1. Why not use the reward model as a supervised loss?

If the reward model scores responses, why not just maximize that score with gradient descent on the reward model’s output? Why do we need RL at all? (Hint: think about what happens to the reward model’s accuracy under heavy optimization.)

Show answer

The reward model is a proxy trained on a finite dataset of preferences. If you directly maximize it with gradient descent, you exploit its imperfections — the model finds adversarial inputs that score highly but are not genuinely good. RL with a KL penalty limits how far the model can drift, keeping it in the region where the reward model’s predictions are meaningful. Without this constraint, you get runaway reward hacking.

2. What happens with very high or very low KL penalty?

Consider the RLHF objective

J(\theta) = \mathbb{E}[r_\phi(x,y)] - \beta \cdot D_{\text{KL}}(\pi_\theta \| \pi_{\text{ref}})

. What happens when

\beta \rightarrow \infty

? When

\beta \rightarrow 0

Show answer

When $\beta \rightarrow \infty$ , the KL penalty dominates and the model stays virtually identical to the reference policy — it barely learns anything from the reward signal.
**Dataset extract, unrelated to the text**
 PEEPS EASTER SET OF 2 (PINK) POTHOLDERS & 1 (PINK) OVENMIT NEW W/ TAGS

When $\beta \rightarrow 0$ , the model optimizes the reward freely with no constraint, leading to aggressive reward hacking and mode collapse. The optimal $\beta$ is a sweet spot: enough constraint to prevent exploitation, enough freedom to improve.

3. Why does GRPO need multiple completions while PPO needs only one?
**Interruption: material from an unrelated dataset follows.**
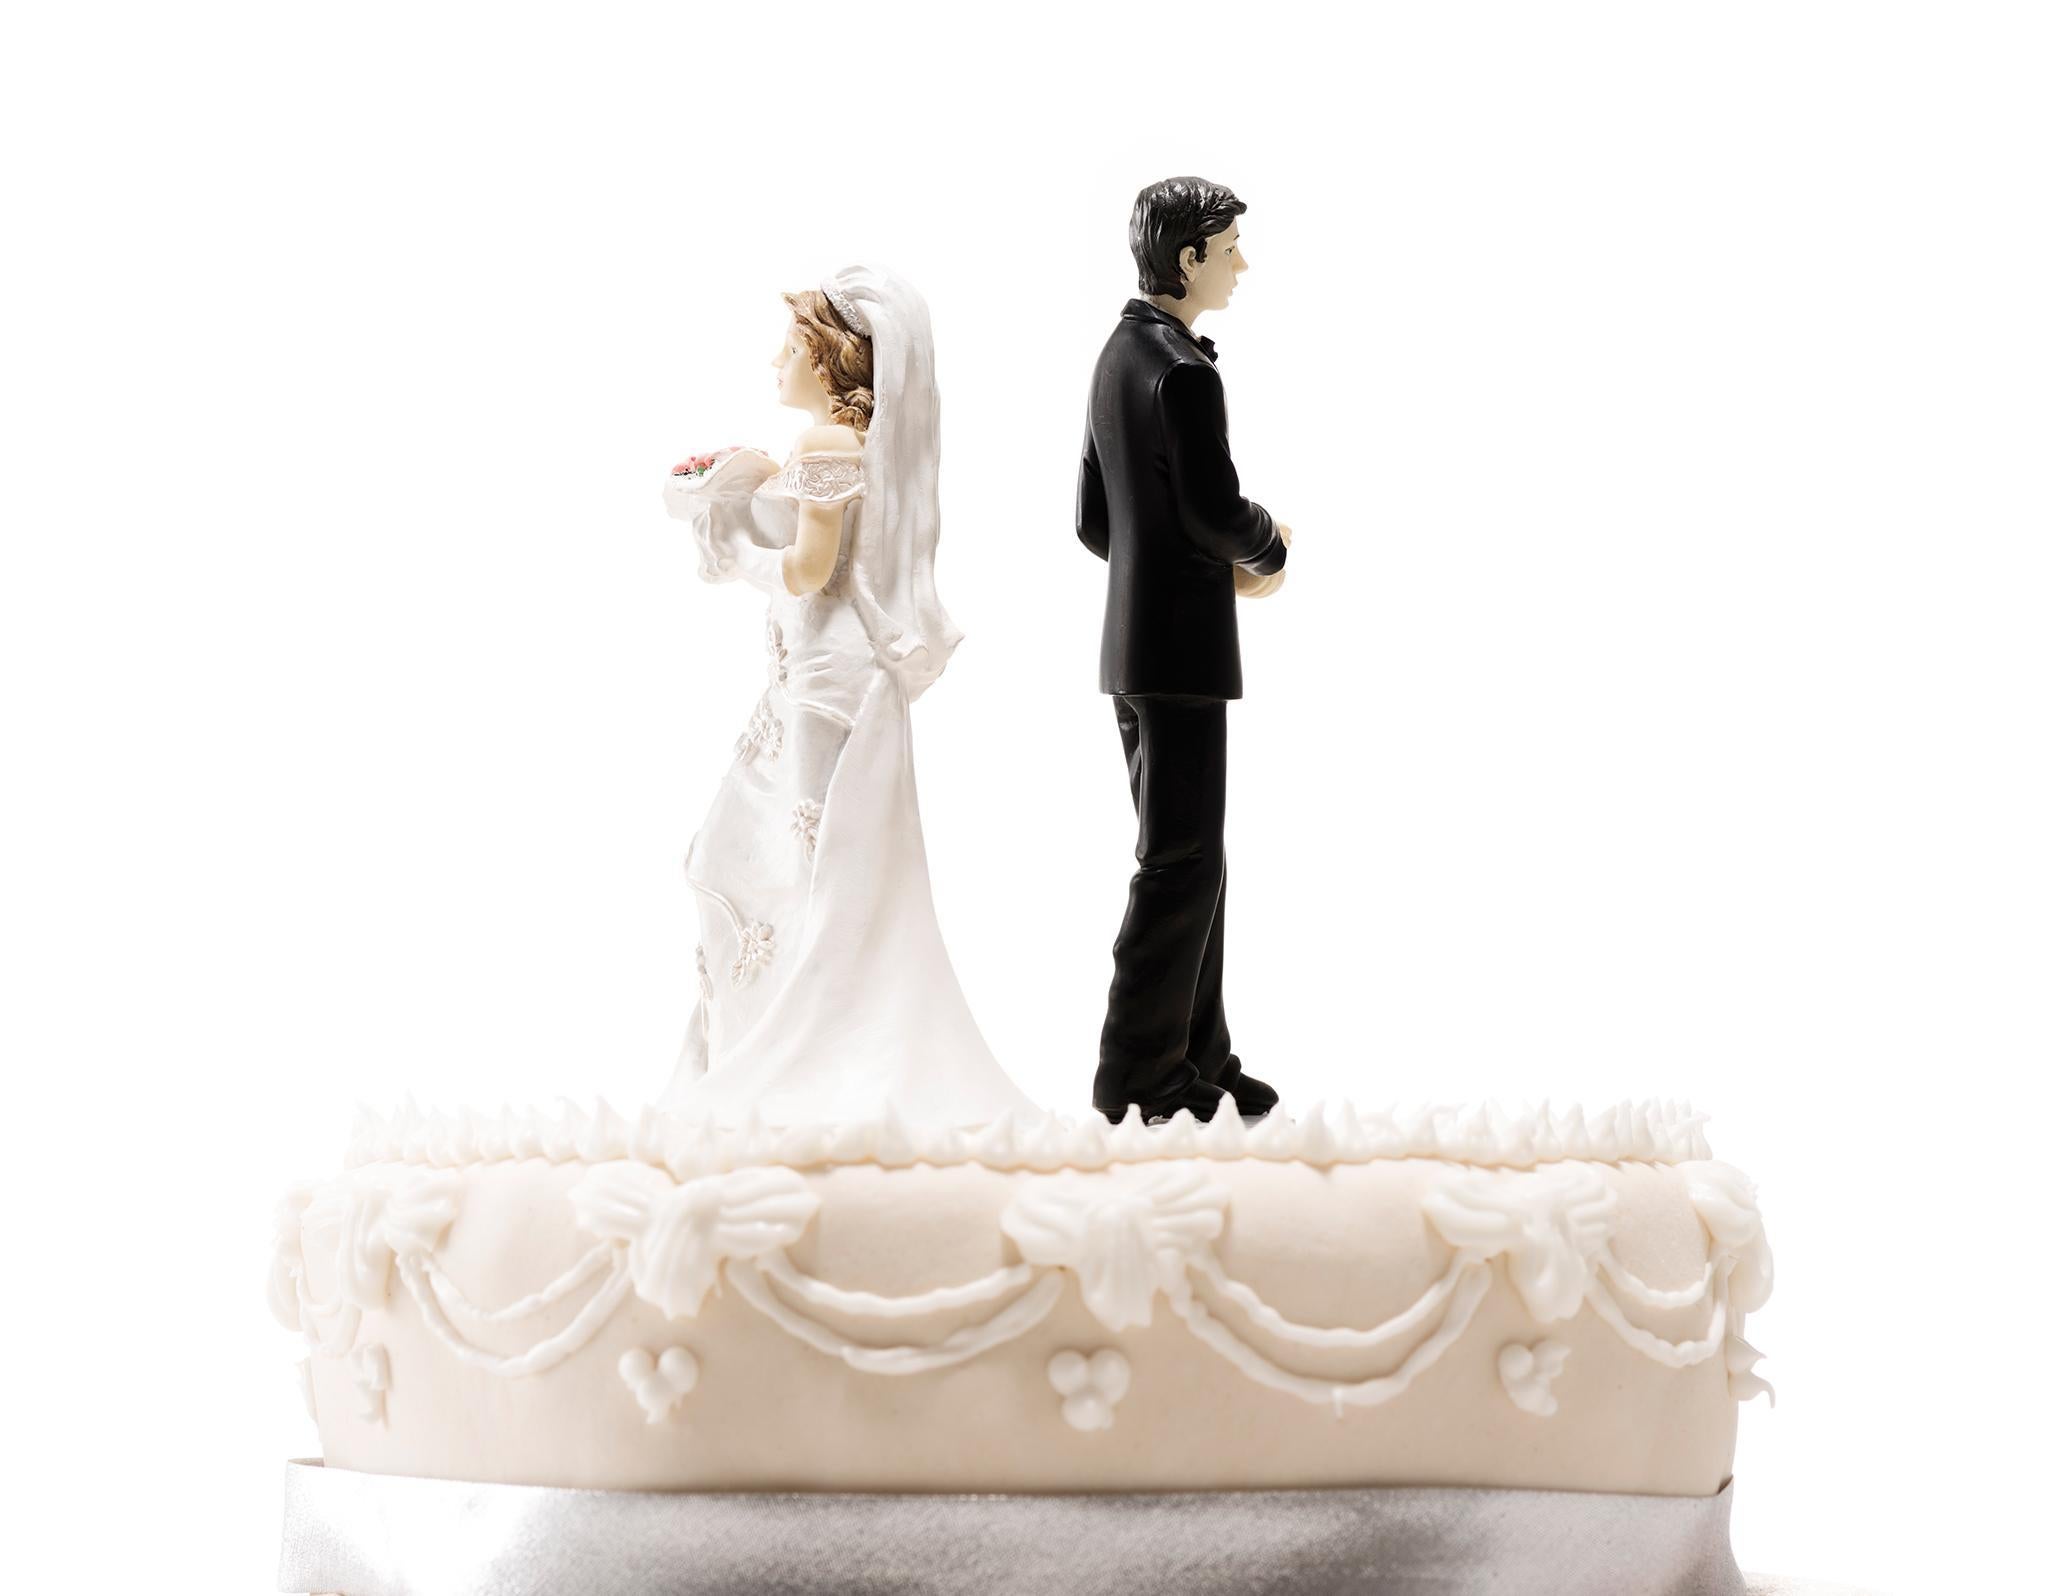 As they age, women become much less willing to instigate divorce proceedings

PPO generates one response per prompt and uses a critic for advantage estimation. GRPO generates a group of responses. Why is the group necessary?

Show answer

GRPO eliminates the critic (value network) by using group statistics as the baseline. Without a critic, there is no way to estimate “how good is this response compared to expectation?” from a single sample. The group provides the comparison: a response’s advantage is computed relative to the group mean and standard deviation. With only one response, the mean equals the reward and the advantage is always zero — no learning signal.

4. When does DPO outperform GRPO, and vice versa?

Consider the differences in data requirements, training dynamics, and reward types.

Show answer

DPO excels when you have high-quality, static preference data and the task is well-covered by that data. It is simpler to train and does not require generation during training. GRPO excels when you have verifiable rewards (math, code) or need online learning — it generates fresh data and adapts to the model’s current behavior. DPO struggles with distribution shift (the model moves away from where preferences were collected); GRPO avoids this because it collects new data each step.

Coding

1. Implement a reward model training loop

Write the Bradley-Terry loss function and a training loop that takes preference pairs (prompt, chosen, rejected) and trains a reward model. Track accuracy on a held-out validation set.

2. Implement simplified GRPO

Implement the core GRPO loop: sample G completions per prompt, compute verifiable rewards (e.g., math correctness), normalize advantages within the group, and update the policy with a clipped objective. Test on simple arithmetic problems.

3. Simulate reward hacking

Create a “true” reward and a “proxy” reward that correlates with it but has exploitable gaps. Train a simple policy to maximize the proxy and plot both rewards over time. Then add a KL penalty and observe how it mitigates the divergence.

Exploration

1. Aligning systems smarter than us

Imagine a model that can solve mathematical problems no human has solved. How would you verify its proofs? How would you ensure it is not subtly wrong in ways no evaluator can detect? Propose a protocol combining multiple approaches from this chapter.

2. Designing rewards for unverifiable tasks

Pick a task where automated verification is impossible (e.g., creative writing, ethical reasoning, long-term planning). Design a reward function that minimizes the opportunity for reward hacking. What trade-offs do you accept?